It turned out that Paul Quinn College and the battle against domestic violence were only two degrees of separation for two on stage folks at The Family Place’s Texas Trailblazer Award Luncheon. But more about that later.
Despite the slight drizzle and the 70-degree weather on Wednesday, September 26, the VIP reception commenced in the Omni Dallas Hotel’s Fair Park Room. The days’ keynote speaker Tamron Hall looked pretty darn adorable and right at home. Shouldn’t have been a surprise since Tamron cut her reporting teeth at KTVT-CH. 11 back in 1992. From that she rose through the newsroom ranks to being part of the “Today” team. Now, she was headed to having her own show in development.
But as guests like Julie and Jim Turner, Kristi Hoyl, Kristen Hinton, Paige McDaniel, Joanna Clarke, Bianca Jackson, Carol Seay, Stephanie Seay, Danielle Giglio and Margo McClinton Stoglin joined her for photos, Tamron never slowed down.
As the 750 guests including Louise Griffeth, Tia Wynne, Cara French, Annette Simmons, SuSu Meyer, Trisha Wilson and Jill Smith settled in the ballroom, the program got underway with Event Co-Chairs Sunie Solomon and Amy Turner welcomed the guests and were followed by stories about three women, who had escaped lives of domestic violence thanks to The Family Place.
As a surprise for the luncheon, it was announced that the Nancy Lieberman Charities were going to make possible for The Family Place to have one of the organization’s Dream Courts.
Following the presentation of the Advocacy Award to Bank of Texas, the Faith-Based Vision and Leadership Award to Union Coffee and the 2018 Verizon Be Project Scholarship to Sarah Erlenbusch and Kathy Pham, a video introduced Paul Quinn’s President Dr. Michael Sorrell, who accepted the 2018 Texas Trailblazer Award. He recalled as a graduate student at Duke he manned a crisis hotline hearing women in need help. “It scarred me. It left me a changed man. I had no idea that these things took place…. I love The Family Place because they give hope to people.”
As the clock was ticking down, emcee Jody Dean was joined onstage by Tamron for a chat. The two were old friends having worked together at KTVT. It was during their conversation that Tamron revealed that her mother had attended Paul Quinn.
Other highlights of the sit down included:
- Despite being more connected than ever before, Jody asked why does the problem of domestic violence continued? “I think it persists, but there are great accomplishments. If I am looking at the bump in the road, I am not seeing the road. I want to see that it (the bump) is there, but I want keep going to jump over it.”
- Tamron’s feeling “a lot of guilt and shame” about not helping her sister Renate Hall’s being a victim of an abusive relationship. It was her death in 2004 that brought home to Tamron the devastating issue of domestic violence.

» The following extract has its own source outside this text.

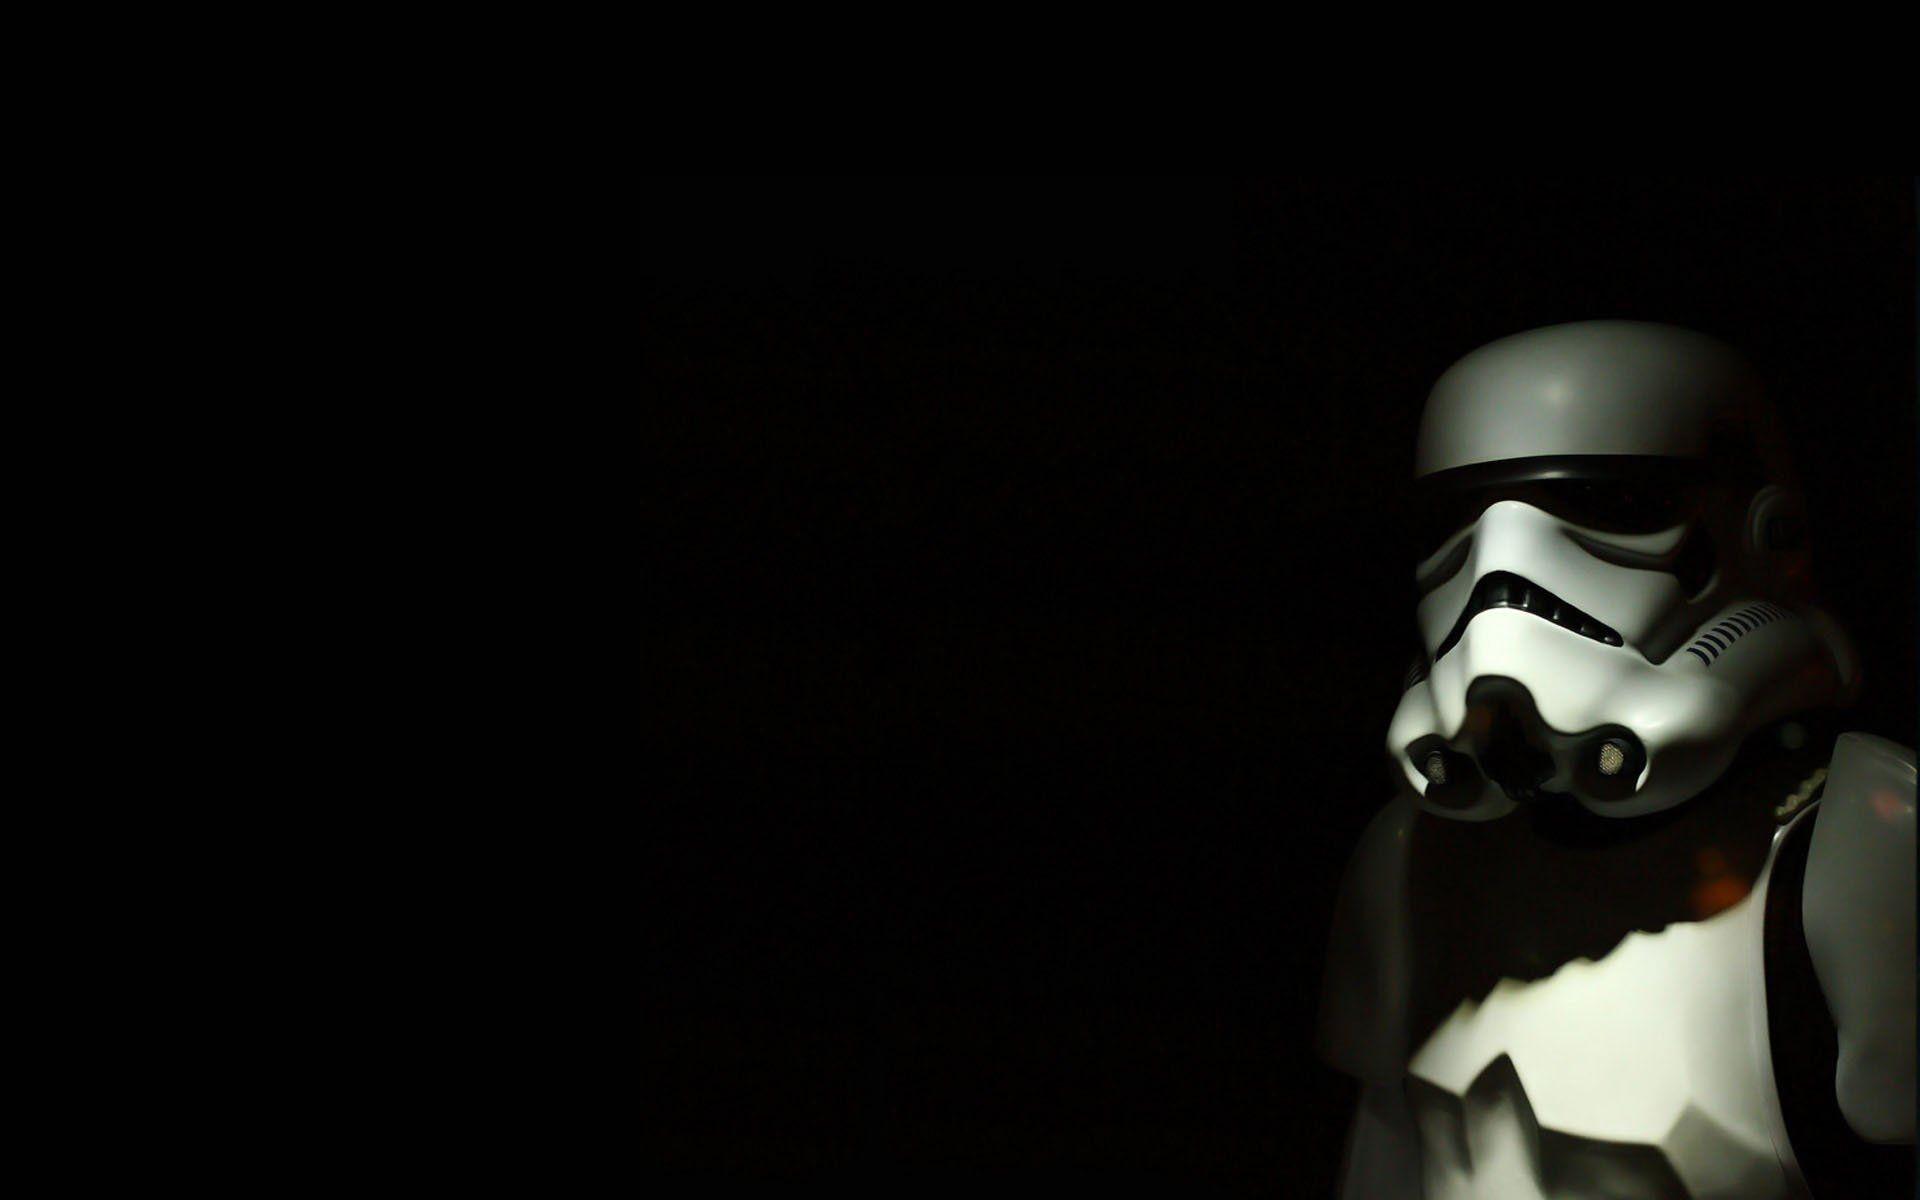 Star Wars Pulp Fiction #1051866

- After championing the issue, Tamron felt that she needed to create the Tamron Renate Foundation, so the that her sister would not be forgotten.
- When asked if she talks to her sister, Tamron said, “I don’t know if I talk to her as much as I hope she sees what I am doing and I hope that she knows that I am sorry.”
- Jody that asked what Tamron thought her sister would say to her. Tamron broke the solemn mood saying, “She’d asked why my legs are so shiny and if I had put Vaseline on them.”
- When she was at a conference for journalists in Houston, a man told her that she would never make it as a anchor because her eyelashes were too long. “It made me mad. Imagine what he thinks now.”
- She admitted that being “a true Texan I actually have the state tattooed on my body.” For a big enough donation, she was willing to show the donor.